Take notes for me とは?

 Take notes for me は、Google Meet の会議中に発言された内容をリアルタイムで文字起こしを行い、自動的に議事録を作成してくれる機能です。AIを活用することで、発言内容だけではなく、話者の特定、重要なキーワードの抽出、アクションアイテムの候補の提案なども行えます。主な機能は次の通りです。

・リアルタイム文字起こし:会議中の発言をほぼリアルタイムでテキスト化します。
・話者識別:誰が発言したかを自動的に識別し、記録します。
・キーワード抽出:会議の中で頻繁に使われた単語や重要なキーワードを自動的に抽出します。
・アクションアイテム候補の提案:会議の流れから、今後取るべき行動(タスク)の候補を自動的に提案します。
・議事録の共有:Googleドキュメント形式で作成された議事録を、自動的に予定表アイテムに添付、参加者への通知、共有します。

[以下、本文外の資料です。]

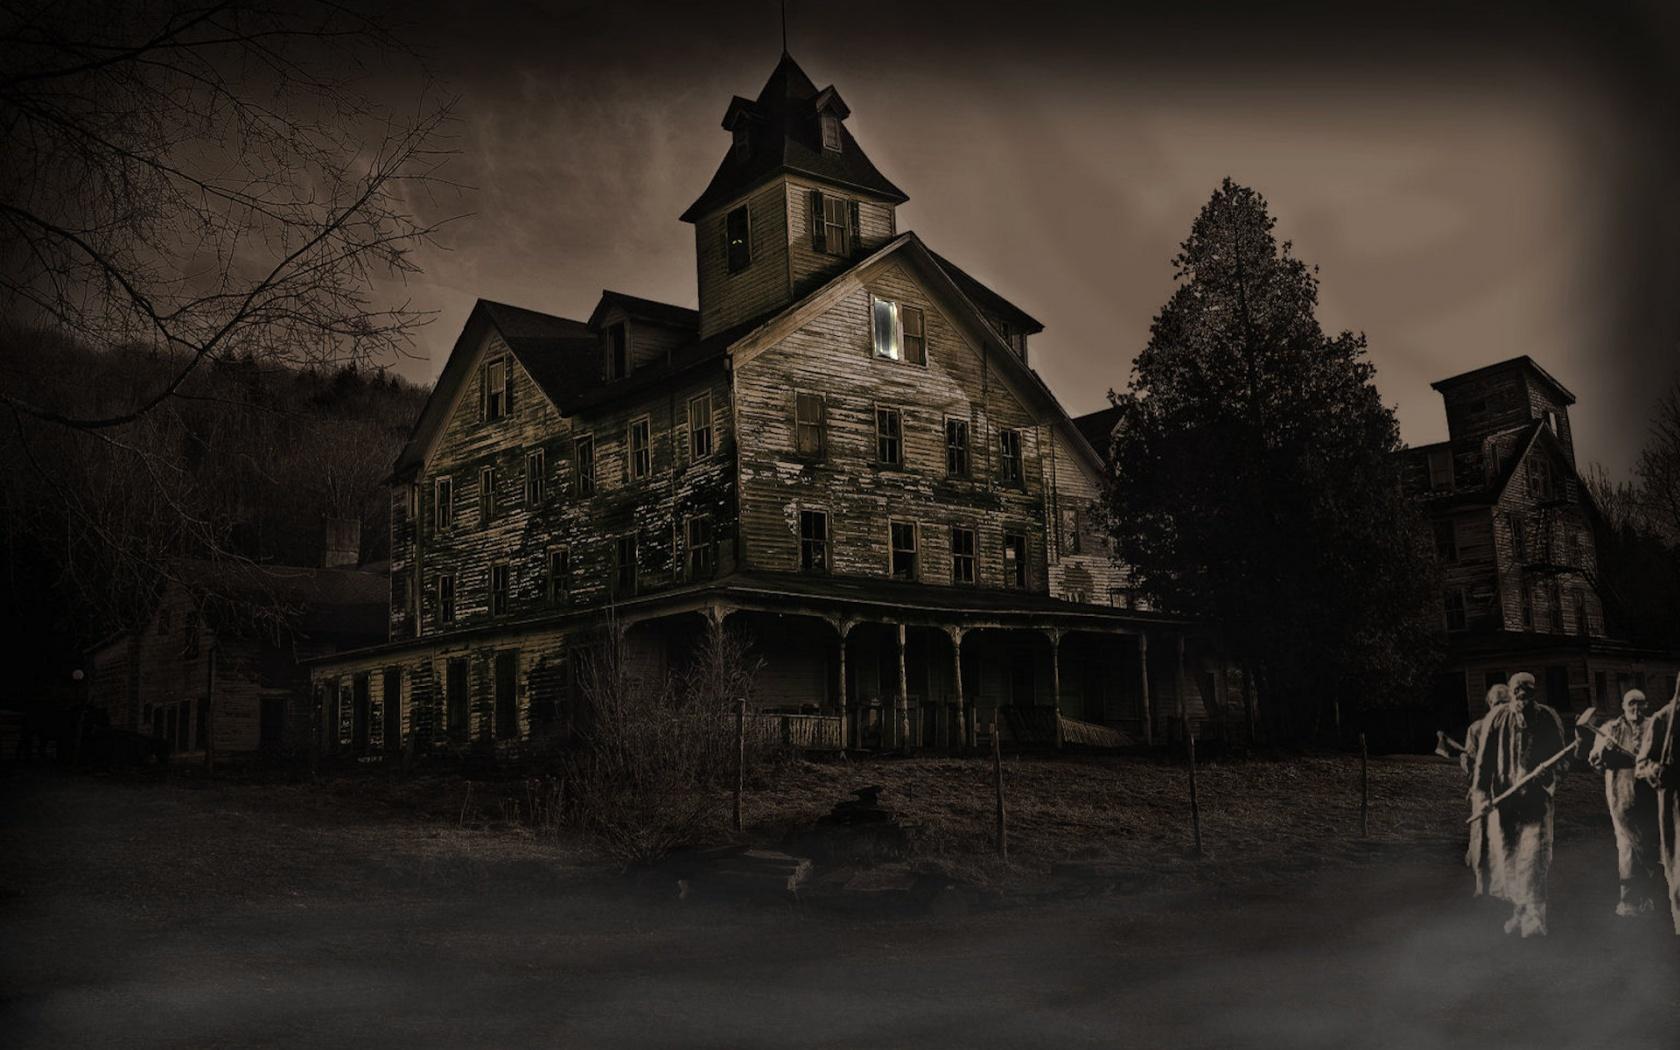 Haunted House Wallpaper   1680x1050 1680x1050

 Take notes for meは、Google の高度な音声認識AIと自然言語処理技術を活用しています。会議中の音声をクラウド上で解析し、テキスト化、話者識別、キーワード抽出などの処理を行っています。これにより、高精度かつ迅速な議事録作成が可能になっています。

 Take notes for meの利用は非常に簡単で「会議を開始または参加する」「Take notes for meを開始する」「会議に集中する」の三つのステップで、会議の議事録作成を自動化できます。

 会議終了後、自動的に生成された議事録は Googleドキュメント に保存、参加者と共有できます。必要に応じて、議事録の内容を編集したり、アクションアイテムを確認したりすることが可能です。

 出来上がった議事録の中身を確認すると、メモと文字起こしのタブの二つのコンテンツに分かれています。メモタブには議事録そのものが作成されます。文字起こしタブは、実際に発言した内容を一言一句漏らさず、文字起こししたものです。メモタブに記載されている議事内容の基となった発言を確認できます。ただし、ここには課題もあります。AI による文字起こしは進化していますが、専門用語や固有名詞、発言者の滑舌などによっては、誤変換が生じる可能性があるのです。

▲メモタブで確認できる議事録のイメージ。会議の内容が分かりやすくまとめられている。
▲文字起こしタブに記録された発言のイメージ。実際の発言内容が一言一句漏らさず、文字起こしされている。

ビジネスシーンにもたらすメリット

 Take notes for meの導入は、日本のビジネスシーンにおいて以下のような多くのメリットをもたらすことが期待されます。

・会議の質の向上:議事録作成の負担から解放されることで、参加者は議論に積極的に参加し、より深い意見交換が可能になります。
・生産性の向上:議事録作成にかかる時間と労力を削減し、ほかの重要な業務に時間を有効活用できます。
・議事録の標準化と品質向上:AI による自動作成で、議事録の品質が安定し、抜け漏れや誤解のリスクを低減できます。
・情報共有の効率化:作成された議事録は簡単に共有できるため、会議内容の伝達がスムーズになります。
・リモートワークの促進:リモート環境での会議においても、議事録作成の負担を軽減し、円滑なコミュニケーションを支援します。
・アクセシビリティの向上:字幕機能と組み合わせることで、聴覚に障害のある方など、より多くの人が会議の内容を理解しやすくなります。

 これまで英語圏のサービスでは十分な効果が得られなかった日本のユーザーは、日本語での高精度な文字起こしと話者識別が可能になったことで、さまざまなメリットを得られます。Take notes for meは会議の生産性向上、時間と労力の削減、そしてより質の高いコミュニケーションを実現するための強力なツールとなるでしょう。ぜひこの機会にTake notes for meを活用して、議事録作成から解放され、より本質的な議論に集中できるスマートな会議体験を実現してください。